エーガと話し合いまずはエーガが声をかけることになった。もしこれで獣人嫌悪されれば帝国人であることには間違いないだろう。その後は俺と交代して話をすることとなった。ノワールにはランタンを持ってもらい俺たちの少し後ろで控えてもらう。
「エーガには嫌な役を任せてしまうな…」
「なに気にするな。どうせダンジョンへ行けば嫌でもそういう目にあうからなぁ」
そうこうしているとお互いの距離が縮まり松明のおかげで、遠目でも相手の顔が見える程まで近づいた。相手は十数人程立っておりリーダーらしき人物が前へと進み出てきた。
「止まれっ!それ以上近けば攻撃する」
「わいらは冒険者や。この先の街へ行きたいからそこを退いてくれ」
「獣風情が一丁前に人間様の言葉を話すとは不届きな者がいたもんだ」
うわーここまでいけばむしろ清々しいな。周りの連中も薄ら笑いしている。エーガには悪いがこれで帝国人なのは間違いない。あとはここをいつ去ってくれるかだ。
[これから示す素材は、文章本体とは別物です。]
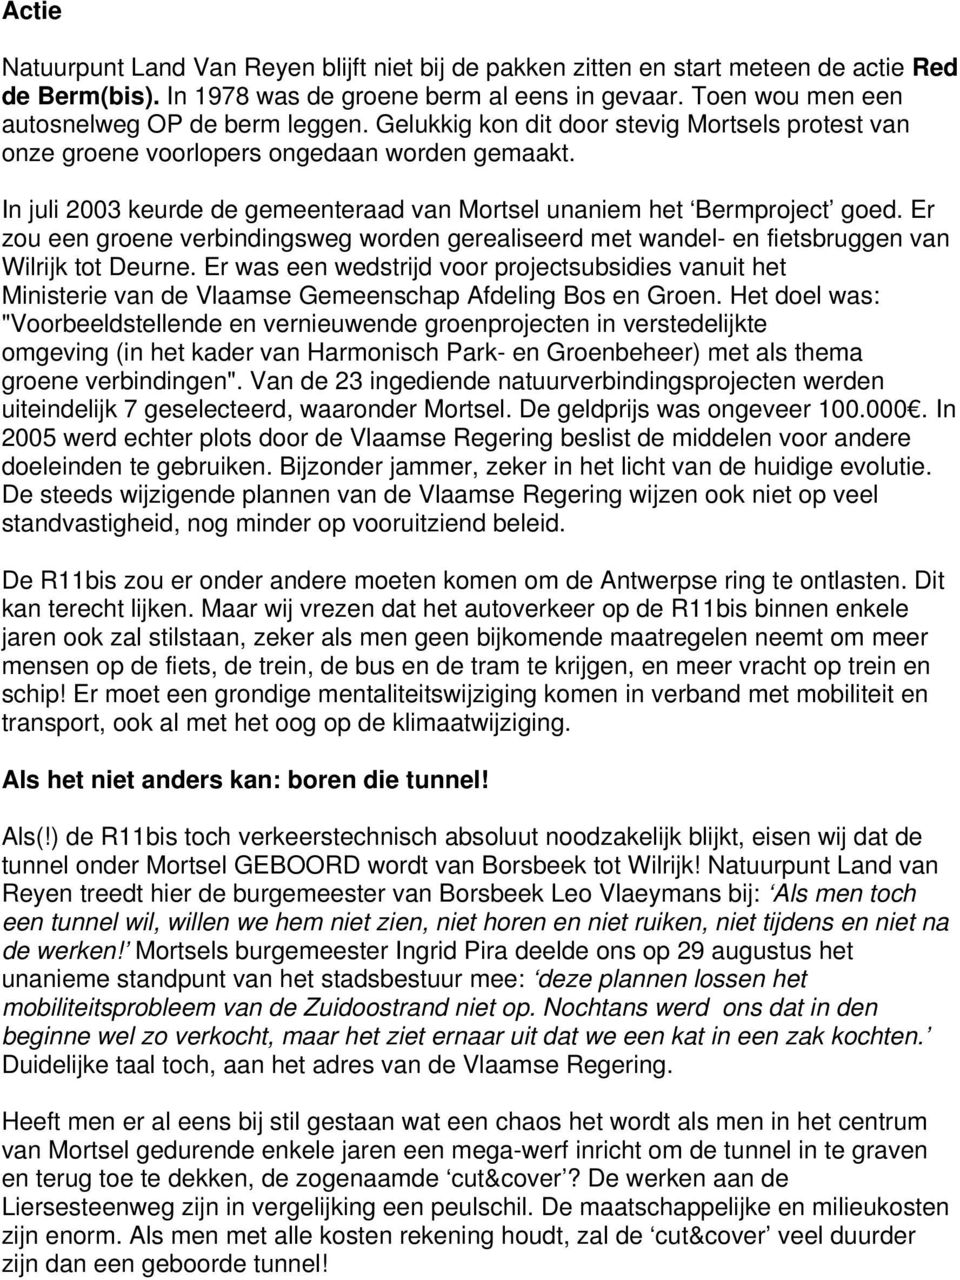 In juli 2003 keurde de gemeenteraad van Mortsel unaniem het Bermproject goed. Er zou een groene verbindingsweg worden gerealiseerd met wandel- en fietsbruggen van Wilrijk tot Deurne.

「夜分に移動するこちらが悪いのは重々承知だが一刻も早く次の街まで行きたいので、通してもらえますか?」
「言いがかりは止めてもらいたいな、我々は街道を塞いでなどいない。通りたければ勝手に通るが良い。まぁその際うっかり敵と思って攻撃するかもしれないがな。ハッハハ」
こっちが下手に出れば好き勝手なことを言ってくれる。どう考えても道を塞いでいるだろうに。
「では俺たちはこの道を迂回して通りますので、これにて失礼します」
「わざわざ夜中に移動するとは余程急いでいるのだな。夜道は何が起こるか分からんから十分注意されたし」
「ご丁寧にどうも」
意味あり気な言葉を言われたがこれ以上言っても無意味だろうから一度皆と合流することにした。さずがに後ろから攻撃されることはなかったが、奴らのノワールを見る目は何処か下卑ていた。途中からは背後に隠して見えないようにはしていたけど―――
『ずっと私を見てきて気持ち悪かった…』
どうやらノワールも気づいていたらしい。そういう視線は男が思っているよりも女性は敏感だからな。とは言え彼女は魔物なのだけど、それを言うとこちらに飛び火しそうなので黙っておく。
「全くこれだから人族至上主義はいけ好かん。今一度どうするかを考えんとなぁ」
「しかし朝になれば反対側から商人やら冒険者が来ると思うんだけど、その時はどうするつもりだ?」
「見てみぬ振りかわいらみたいにして塞ぐかやな」
キースも交えてどうするかを検討するためにもいち早く夜営地点へと戻る。